O ‘rock de operário’ da banda paulista Vitreaux

Com show neste sábado (31) no Maquinaria, quarteto apresenta baladas rock e folk com arranjos jazzísticas que vestem suas canções populares


Por Carime Elmor

30/03/2018 às 07h00- Atualizada 30/03/2018 às 12h28

Banda prepara novo disco, “Na espera da fila”, previsto para ser lançado este ano (Foto: Everson Sá)

Caminhando contra o vento, um sol de março à tarde, o Ibirapuera estava a uma boa conversa de nós. Cantávamos no asfalto, fazíamos as calçadas de palco, as esquinas de camarim, as ervas trepadeiras dos muros, de isolamento acústico. Para qual nuvem ele estava olhando enquanto proferia aquelas palavras? Liguei o gravador, sem pedir permissão, e tasquei-lhe uma pergunta em sua boca. E na espontaneidade do caminho, compusemos de improviso nossa conversa sobre a banda Vitreaux, de São Paulo, que vem pela primeira vez em Juiz de Fora, neste sábado (31), onde está marcado um show no Maquinaria.

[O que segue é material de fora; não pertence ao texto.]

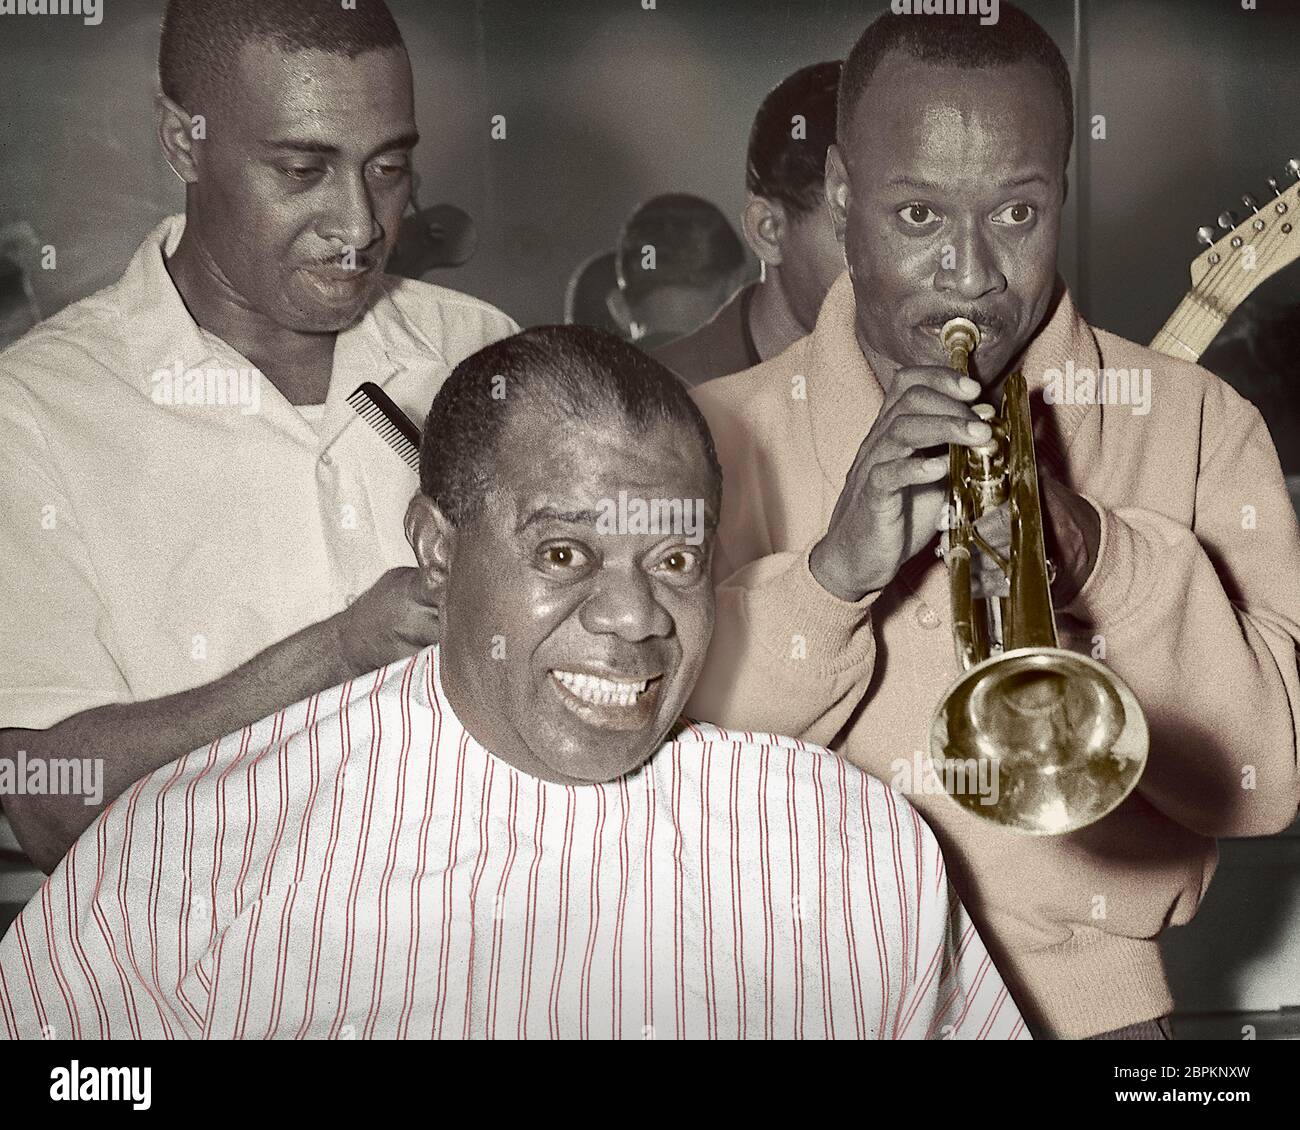 Louie 'Fatchmo' Armstrong si serenò mentre si trovava in un barbiere a Chicago, Illinois. 1961. Immagine colorata da negativo in bianco e nero 4x5 pollici. Foto Stock

A “Vitreaux”, assim mesmo, pronunciada como um Romântico em paris,  é dessas bandas que nos instiga à vontade de colocar para tocar em uma jukebox para dançar levantando os pés, ou de estar entre as pilhas de LP, com a capa de papelão bem gasta, formando o sombreado do disco no encarte. A busca pela beleza das canções é a seriedade artística do quarteto formado por Lucas Oliveira (guitarra/voz), João Rocchetti (baixo), Ivan Liberato (guitarra) e Guib Silva (bateria), sendo que os dois guitarristas e o baixista formam um coro de três, dissolvendo harmonias vocais a partir da melodia composta por Lucas, que acabou se tornando uma peculiaridade da identidade musical da banda. Assim como as harmonias, os arranjos estão a serviço da poesia. Apesar de viverem todos em São Paulo, em um departamento de cordas, ora arrebentadas, ora recém-afinadas, o cantor e compositor passou sua infância e adolescência no Sul de Minas, levando para a música caleidoscópica de São Paulo um pouso de paz das oscilações de Minas Gerais.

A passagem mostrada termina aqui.